# HP Pavilion ZD7000 - How do I disable the up-volume button?



## Kirbentech (Mar 31, 2008)

After a few days of troubleshooting, I have determined that my up-volume button has a hardware problem.

Does anyone know how I can disable the button?

Here's the copy from my posts in the XP forum:

-----------
Symptoms:
Checkdisk is cancelled by user input.
Screensaver (and preview) don't work.
Volume control slider slides down to zero.
Cannot (generally) sort ACT! columns with mouse
Will not go into hibernate mode (with laptop open)
Backspace key sometimes inserts a 'c' (rarely, but sometimes)

I thought all of these issues were separate, but realized that the computer is receiving input from somewhere.

The Checkdisk cancels because of a keyboard input (no key is being pressed)

The Screensaver preview flicks on and then cancels (as if the mouse were moved or key is pressed to normally cancel the preview).

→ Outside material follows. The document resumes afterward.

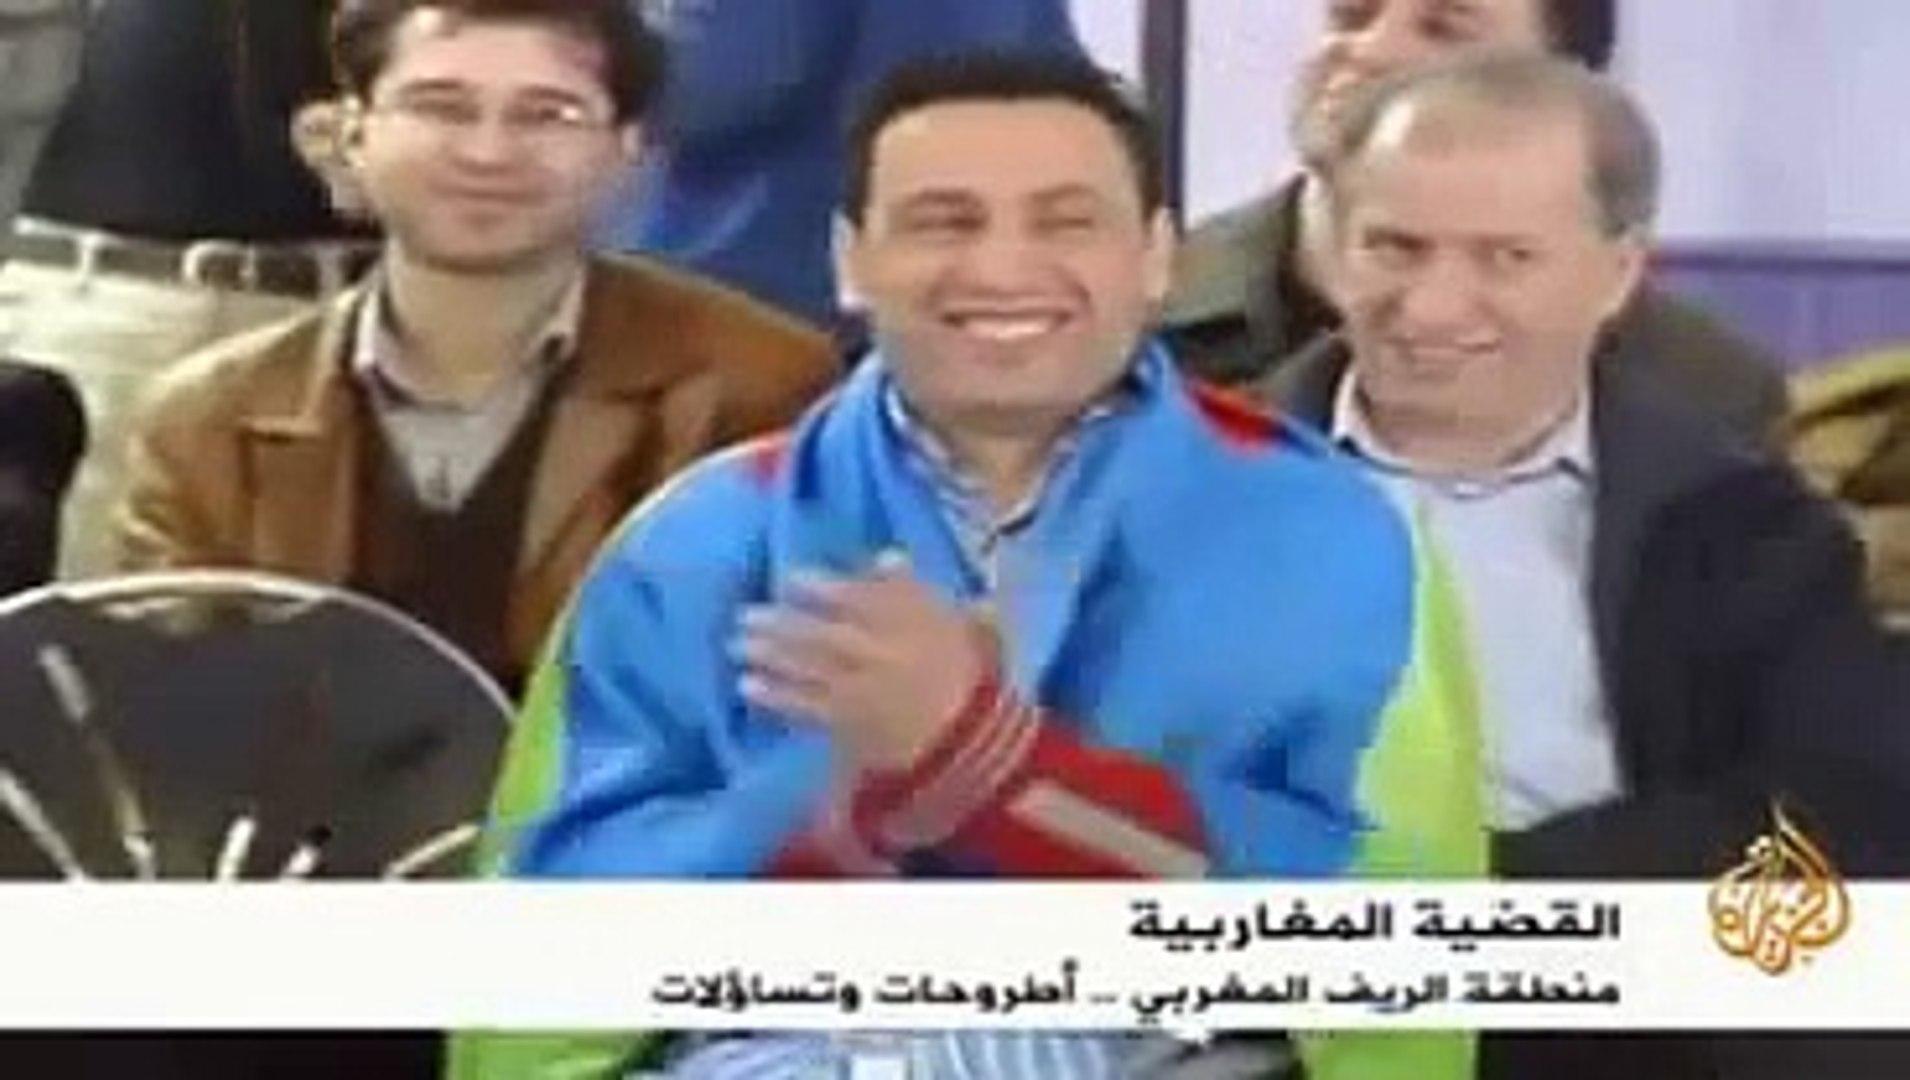 Aljazeera  الحكم الذاتي للريف شمال المغرب على قناة

Hibernate mode does not work (with the laptop open). Somehow the computer thinks there is still user input, thus preventing it from going into hibernate mode. Hibernate works properly if I push the appropriate button.

The ACT! column sorting works if I push the USB mouse button really fast (or the touchpad button really fast).

I've looked online for the volume-slider problem, but those issues appear different than those of mine (I only player I now have installed is Windows Media Player 11). The other crazy thing is that the volume-up button toggles mute (as does the volume-mute button).

I don't know if this is an xp driver issue, an IRQ issue, or just a configuration gone bad.

I have un-installed just about everything on the computer that I don't use, but I need some direction on what to look at. Without deleting reinstalling everything is there a way to check to verify if this is an OS issue - and not a hardware (laptop) issue?

I also noted that when I use my Multiplicity program, when I control the desktop next to the laptop (with the laptop's mouse and keyboard), the volume issue carries over to the desktop. When I set the desktop c to control the laptop, the desktop works normally, but the laptop still has the issue (while being controlled by the desktop). Seems like that eliminates a laptop hardware problem. (Multiplicity works through the home network)

---------
And here is what I have found out...
---------
Deciding to further narrow down a possible solution, I booted off of a Ubuntu Live CD (I couldn't find my EcomStation Demo CD...). Guess what? Same problem. The up-volume button still toggled between mute and sound.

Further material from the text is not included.